The error message clearly says that the default constructor has been deleted implicitly. It even says why: the class contains a non-static, const variable, which would not be initialized by the default ctor.

错误消息清楚地表明默认构造函数已被隐式删除。它甚至说明了原因：该类包含一个非静态的 const 变量，该变量不会被默认构造函数初始化。

class X {
    const int x;
};

Since X::xis const, it must be initialized -- but a default ctor wouldn't normally initialize it (because it's a POD type). Therefore, to get a default ctor, you need to define one yourself (and it must initialize x). You can get the same kind of situation with a member that's a reference:

由于X::xis const，它必须被初始化——但是默认的构造函数通常不会初始化它（因为它是一个 POD 类型）。因此，要获得默认的 ctor，您需要自己定义一个（并且它必须 initialize x）。您可以使用作为参考的成员获得相同类型的情况：

class X { 
    whatever &x;
};

It's probably worth noting that both of these will also disable implicit creation of an assignment operator as well, for essentially the same reason. The implicit assignment operator normally does members-wise assignment, but with a const member or reference member, it can't do that because the member can't be assigned. To make assignment work, you need to write your own assignment operator.

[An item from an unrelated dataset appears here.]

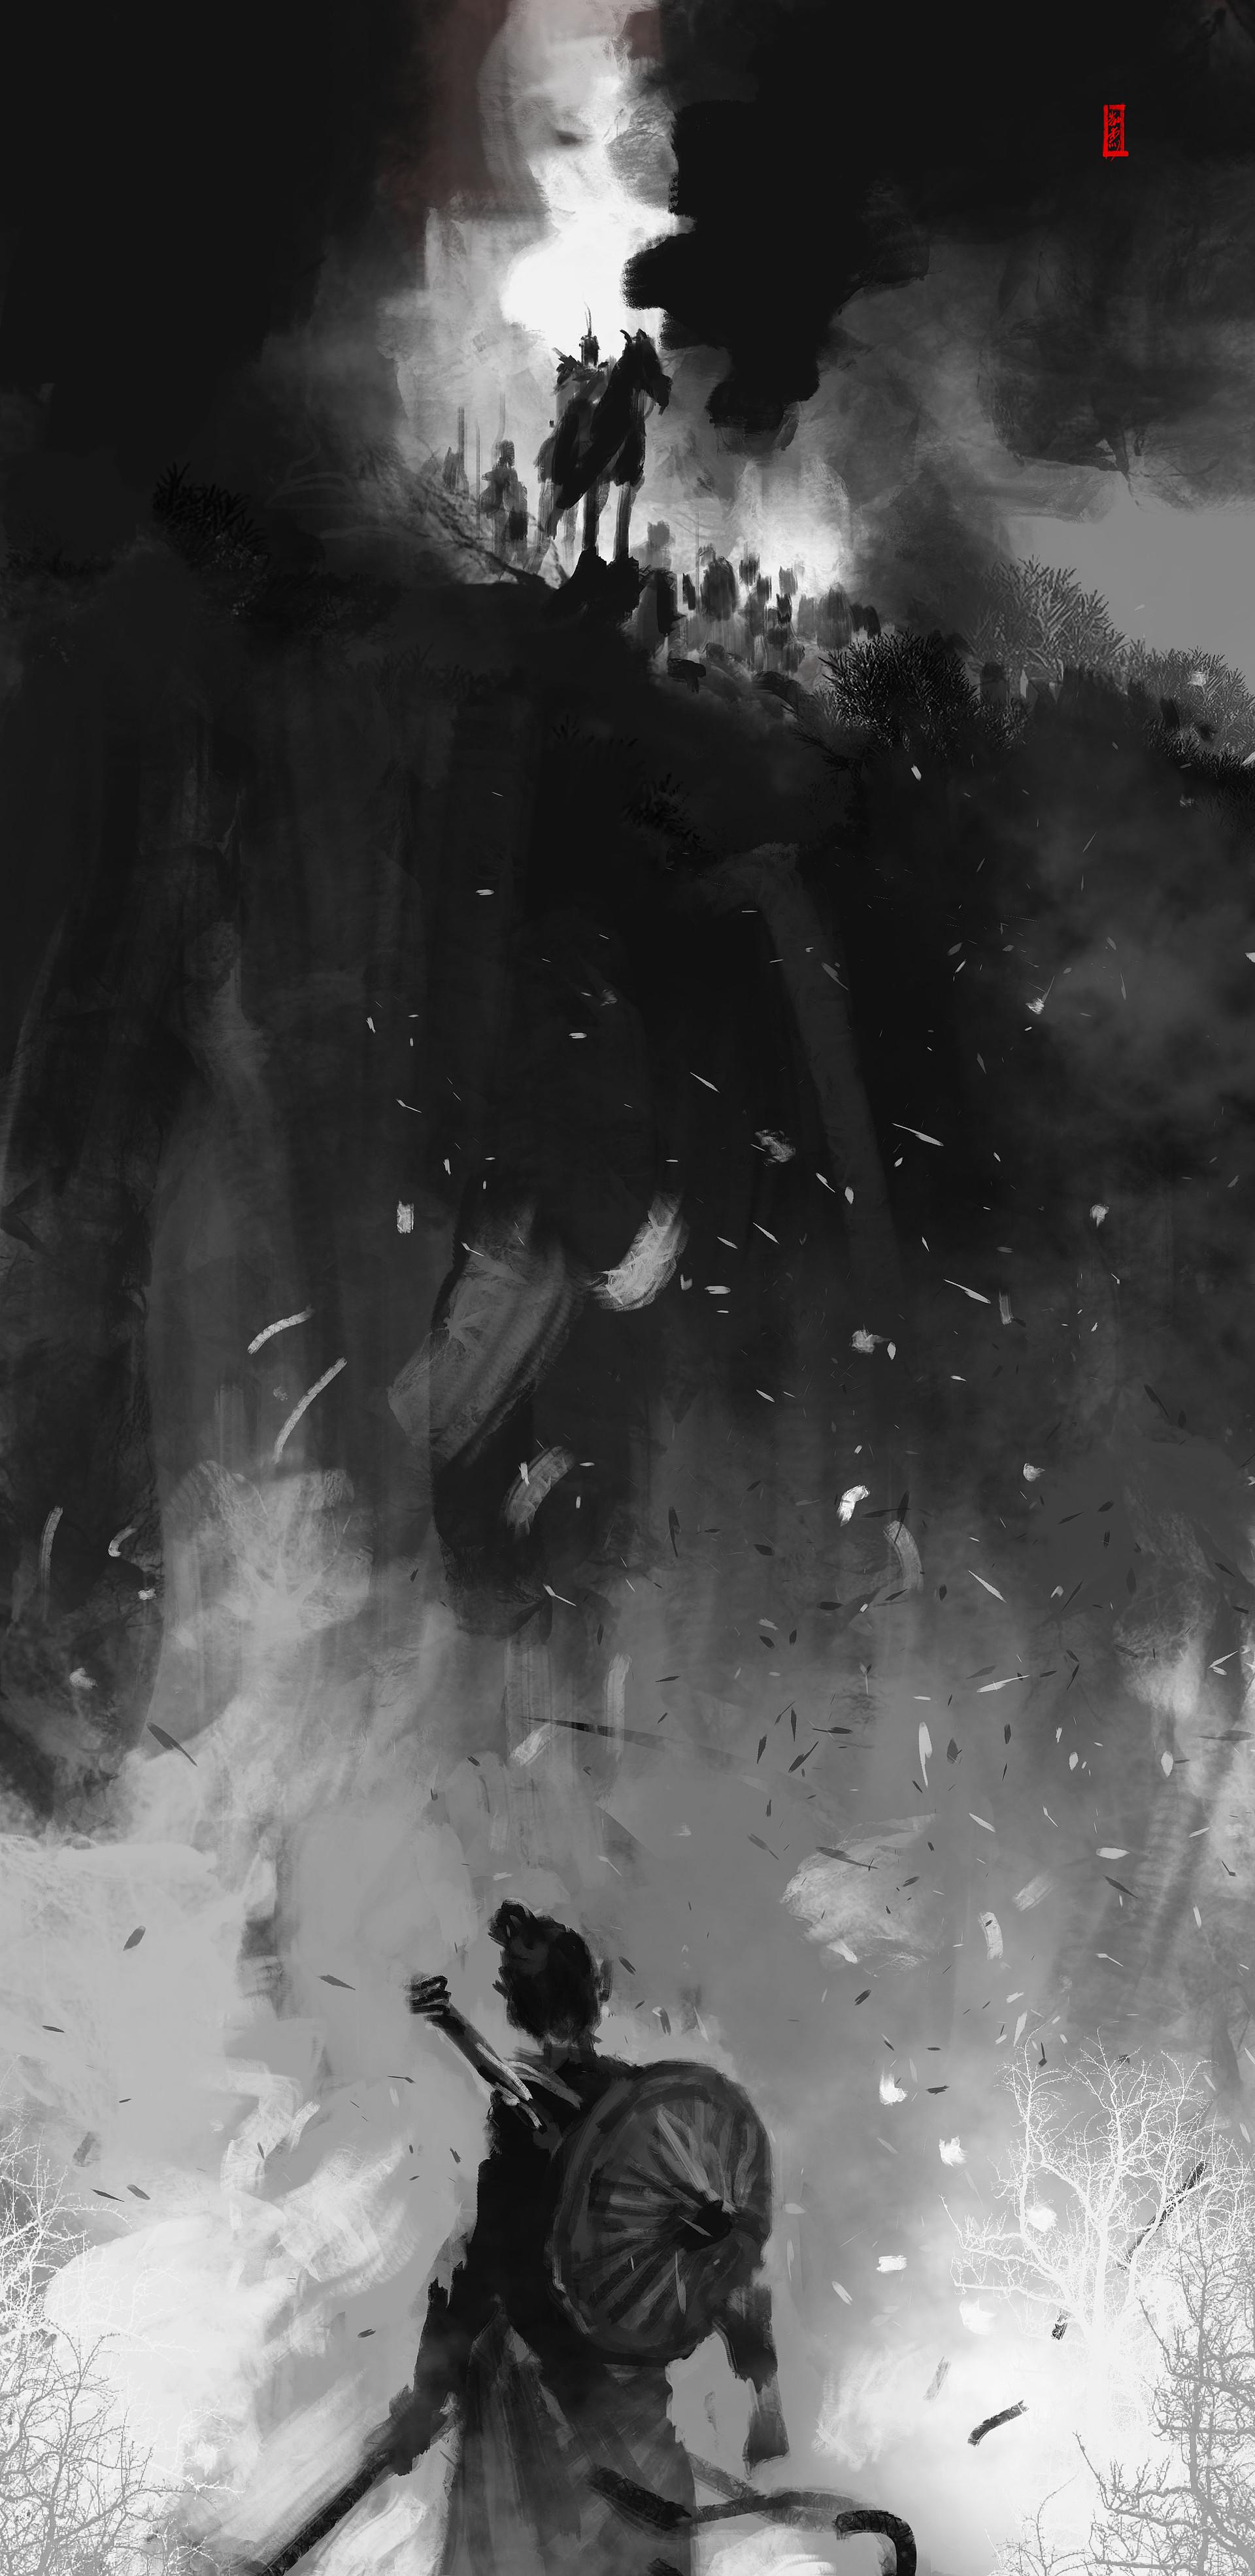 ArtStation - The night, KAIJIE HUANG

可能值得注意的是，出于基本相同的原因，这两个也将禁用赋值运算符的隐式创建。隐式赋值运算符通常会按成员进行赋值，但是对于 const 成员或引用成员，它不能这样做，因为该成员不能被赋值。要使赋值起作用，您需要编写自己的赋值运算符。

This is why a constmember should typicallybe static -- when you do an assignment, you can't assign the const member anyway. In a typical case all your instances are going to have the same value so they might as well share access to a single variable instead of having lots of copies of a variable that will all have the same value.

这就是为什么const成员通常应该是静态的——当您进行赋值时，无论如何都不能分配 const 成员。在典型的情况下，您的所有实例都将具有相同的值，因此它们最好共享对单个变量的访问权限，而不是拥有多个都具有相同值的变量副本。

It is possible, of course, to create instances with different values though -- you (for example) pass a value when you create the object, so two different objects can have two different values. If, however, you try to do something like swapping them, the const member will retain its original value instead of being swapped.

当然，创建具有不同值的实例是可能的——您（例如）在创建对象时传递一个值，因此两个不同的对象可以有两个不同的值。但是，如果您尝试执行诸如交换它们之类的操作，则 const 成员将保留其原始值而不是被交换。

You are using a function, which is marked as deleted.
Eg:

您正在使用标记为 的函数deleted。
例如：

int doSomething( int ) = delete;

The =delete is a new feature of C++0x. It means the compiler should immediately stop compiling and complain "this function is deleted" once the user use such function.

=delete 是 C++0x 的一个新特性。这意味着一旦用户使用该函数，编译器应立即停止编译并抱怨“该函数已被删除”。

If you see this error, you should check the function declaration for =delete.

如果您看到此错误，则应检查=delete.

To know more about this new feature introduced in C++0x, check thisout.

要了解有关 C++0x 中引入的这项新功能的更多信息，请查看此内容。

gcc 4.6 supports a new feature of deleted functions, where you can write

gcc 4.6 支持删除函数的新特性，你可以在这里写

hdealt() = delete;

to disable the default constructor.

禁用默认构造函数。

Here the compiler has obviously seen that a default constructor can not be generated, and =delete'd it for you.

这里编译器显然已经看到无法生成默认构造函数，并=delete为您提供了它。

I encountered this error when inheriting from an abstract class and not implementing all of the pure virtual methods in my subclass.

我在从抽象类继承并且没有在我的子类中实现所有纯虚方法时遇到了这个错误。

In the current C++0x standard you can explicitly disable default constructors with the delete syntax, e.g.

在当前的 C++0x 标准中，您可以使用删除语法显式禁用默认构造函数，例如

MyClass() = delete;

Gcc 4.6 is the first version to support this syntax, so maybe that is the problem...

Gcc 4.6 是第一个支持这种语法的版本，所以也许这就是问题所在......

Switching from gcc 4.6 to gcc 4.8 resolved this for me.

从 gcc 4.6 切换到 gcc 4.8 为我解决了这个问题。